The drop in flaring is being held up as one benefit of the current downturn. Preliminary data from consultancy Rystad Energy show flaring in the first quarter having already fallen to levels not seen since the third quarter of 2018.
“The worst level of gas flaring is definitely in the past,” Sanchez said. “As declines are expected in the next two years, no significant amounts of flaring are expected. Longer term, it will depend on the completion of additional pipeline capacity.”
Fracking decline to hit US
The US is likely to see the largest monthly drop in fracking activity ever recorded, according to analysis by Norwegian consultancy Rystad Energy. But because of the time lags involved, there will even so be too much oil coming to market.
Rystad forecasts less than 300 started frac jobs in April, of which almost two thirds will be in the Permian and the other third split equally between Eagle Ford and Bakken.
"This translates into a 60% decline in started frac operations between the peak level seen in January to February 2020 and April 2020, as the majority of public and private operators implement widespread frac holidays," it said.
It said that if no new horizontal wells were put on production from April, total light oil production will decline by 1mn barrels/day by May, 2mn b/d by July and by 3mn b/d by October to November, with the Permian Basin accounting for more than half of the nationwide base decline.
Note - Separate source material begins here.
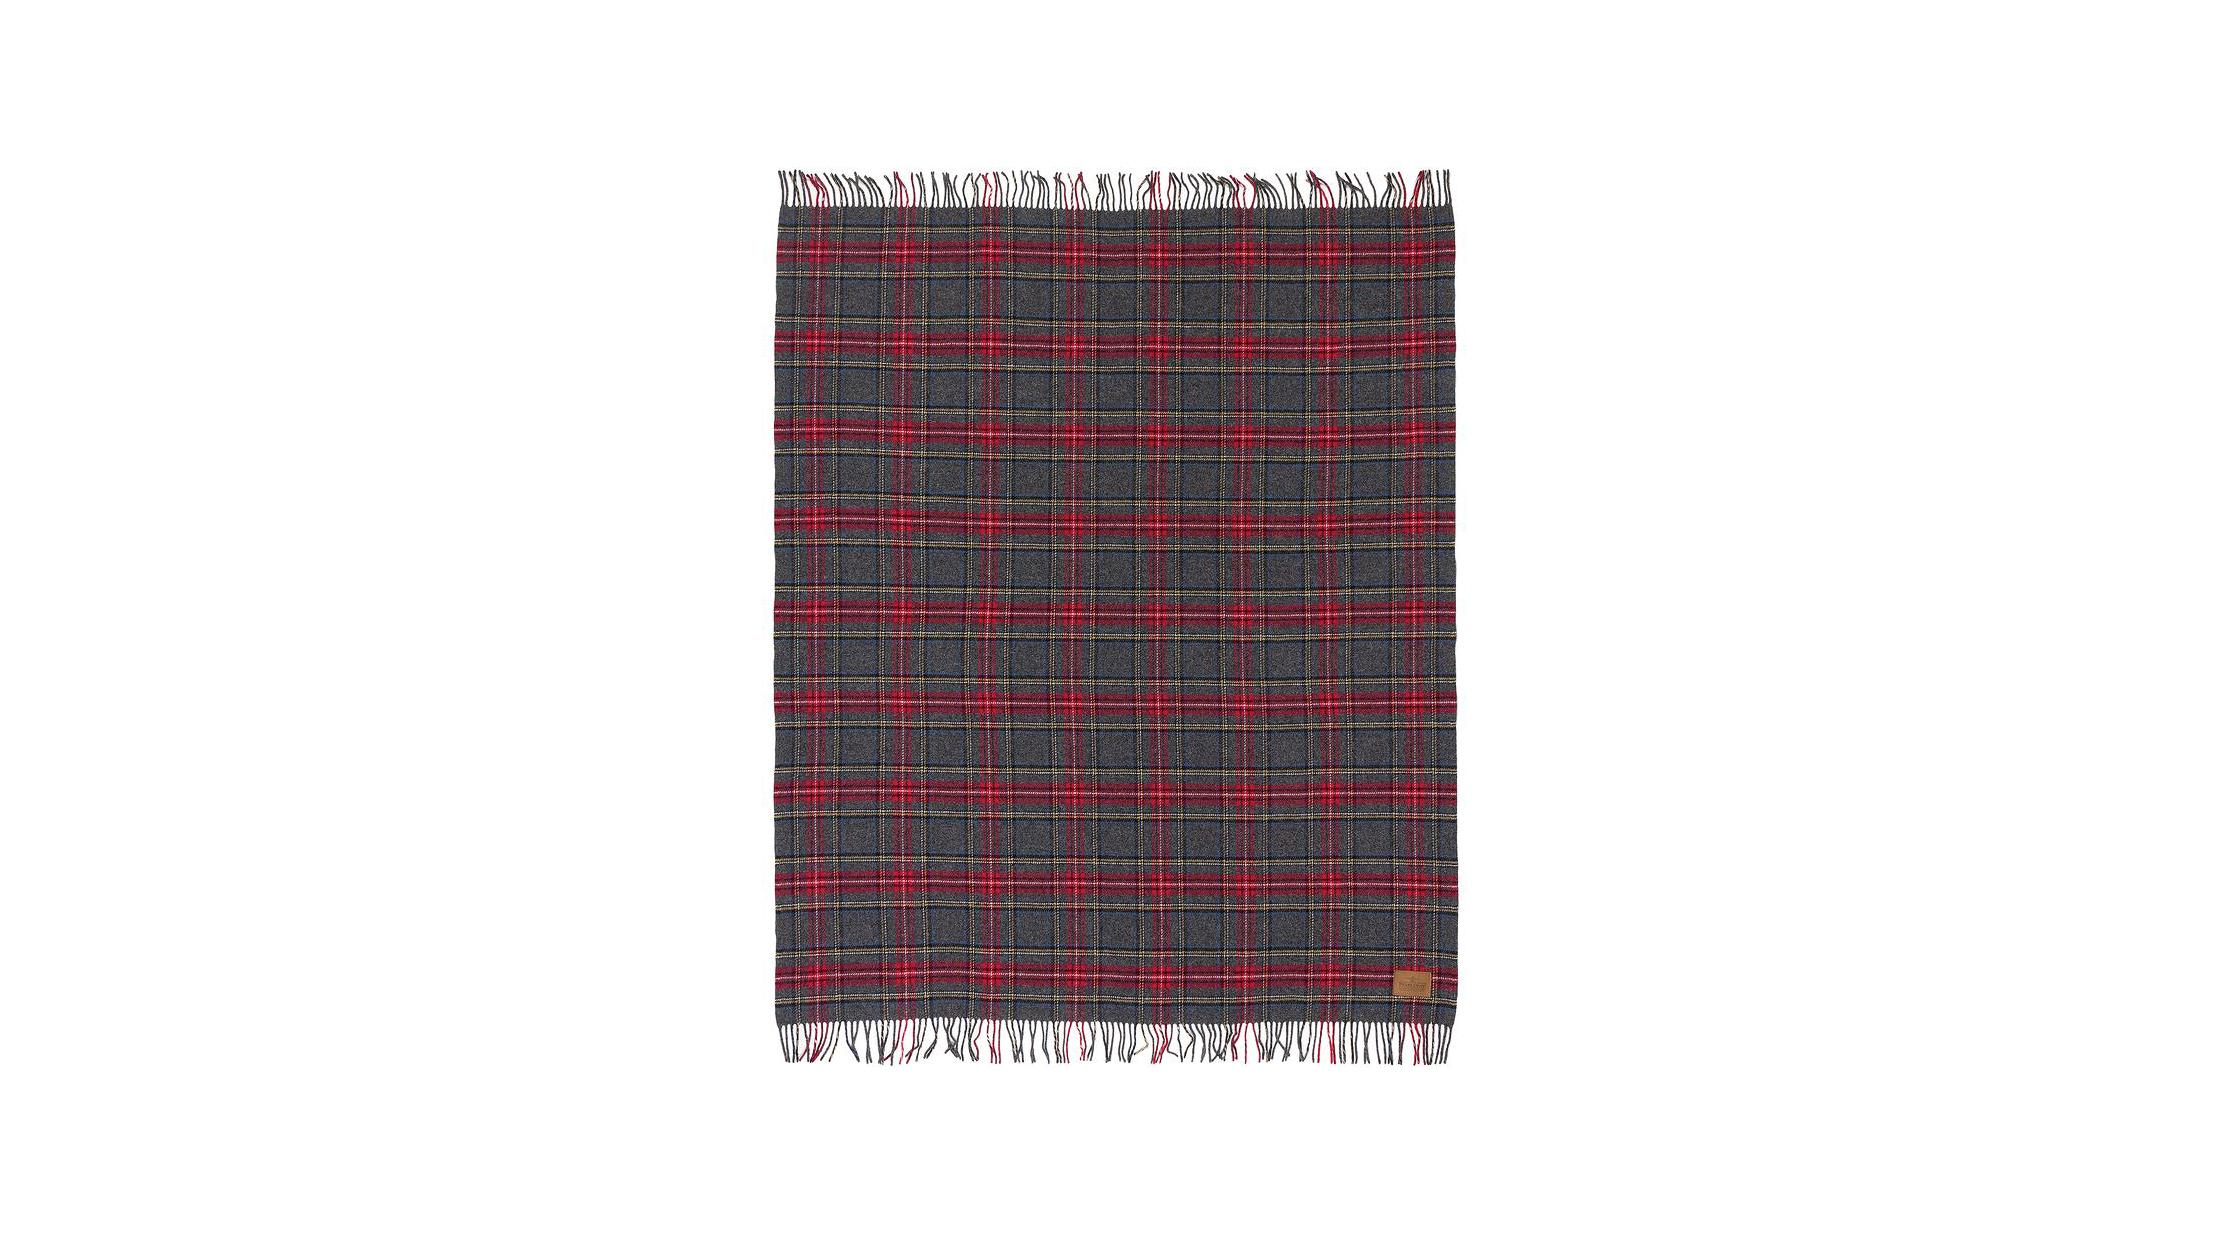 wool anniversary gift red plaid blanket
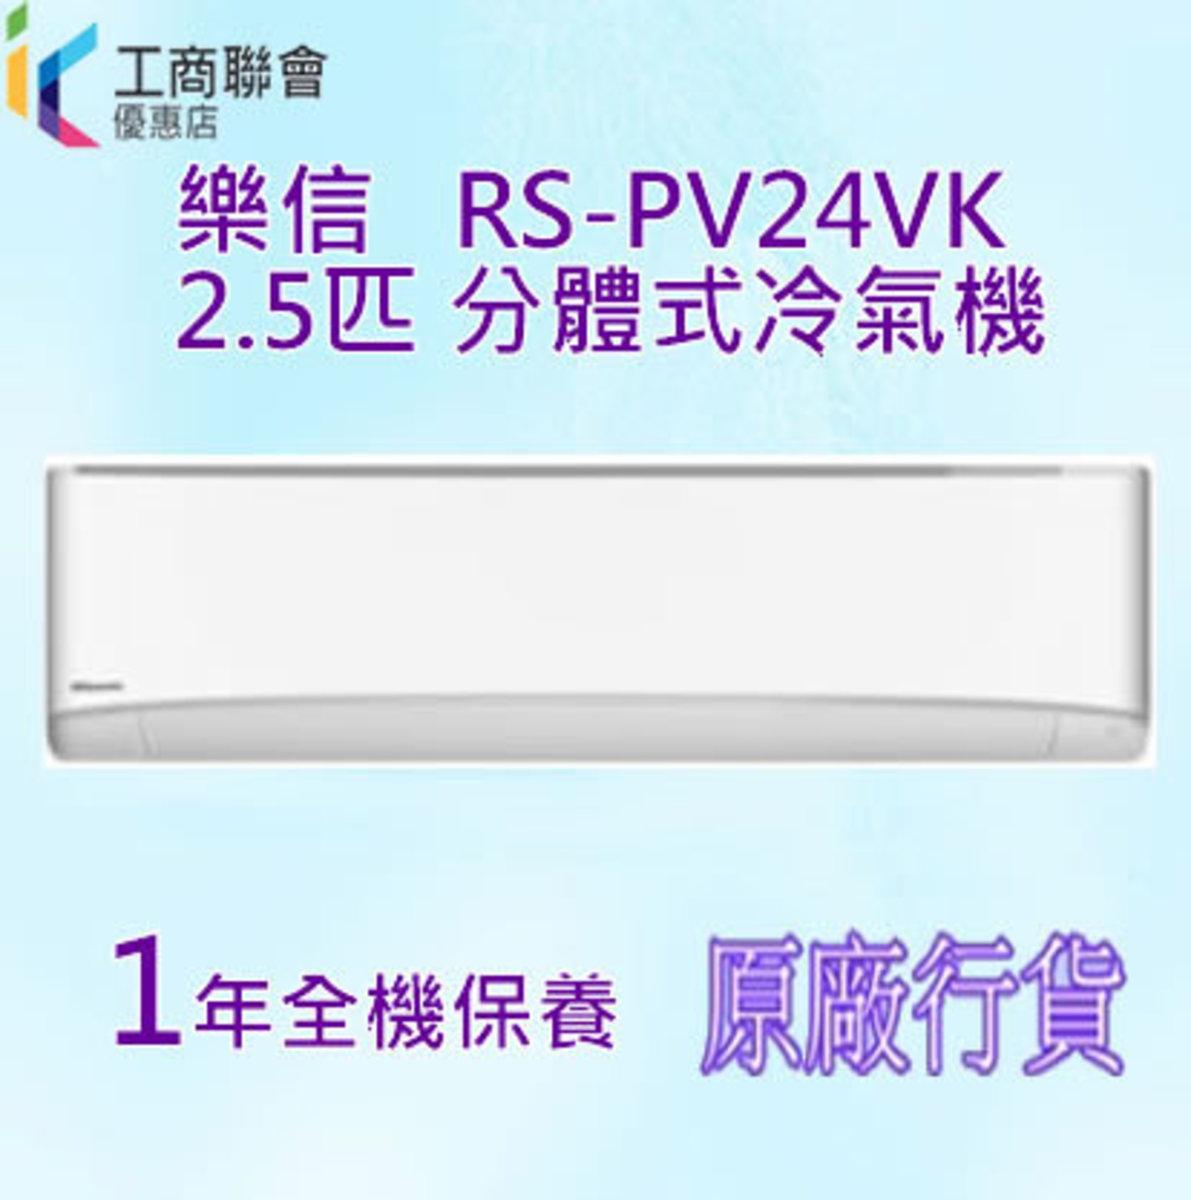 RSPV24VK 2.5HP Split Air Conditioner (Free removal service)

Natural production decline, as opposed to shut-ins of producing wells, will be the producers' preferred option. However they may not have the luxury of choosing: “the steep decline is actually too late to save prices; despite the oversupply issue, standard operation patterns prevent operators from simply turning the faucet off. These days Permian wells require about two months from the moment frack operations start until they produce first oil and require about three months before they reach peak output.”
Depending on their hedging strategies, some producers will come off better than others. A survey of a representative sample of producers led Rystad to conclude in a report mid-March that they had hedged almost 50% of their guided 2020 output at an average price floor of $56/b, although since then, the issue of storage has become critical.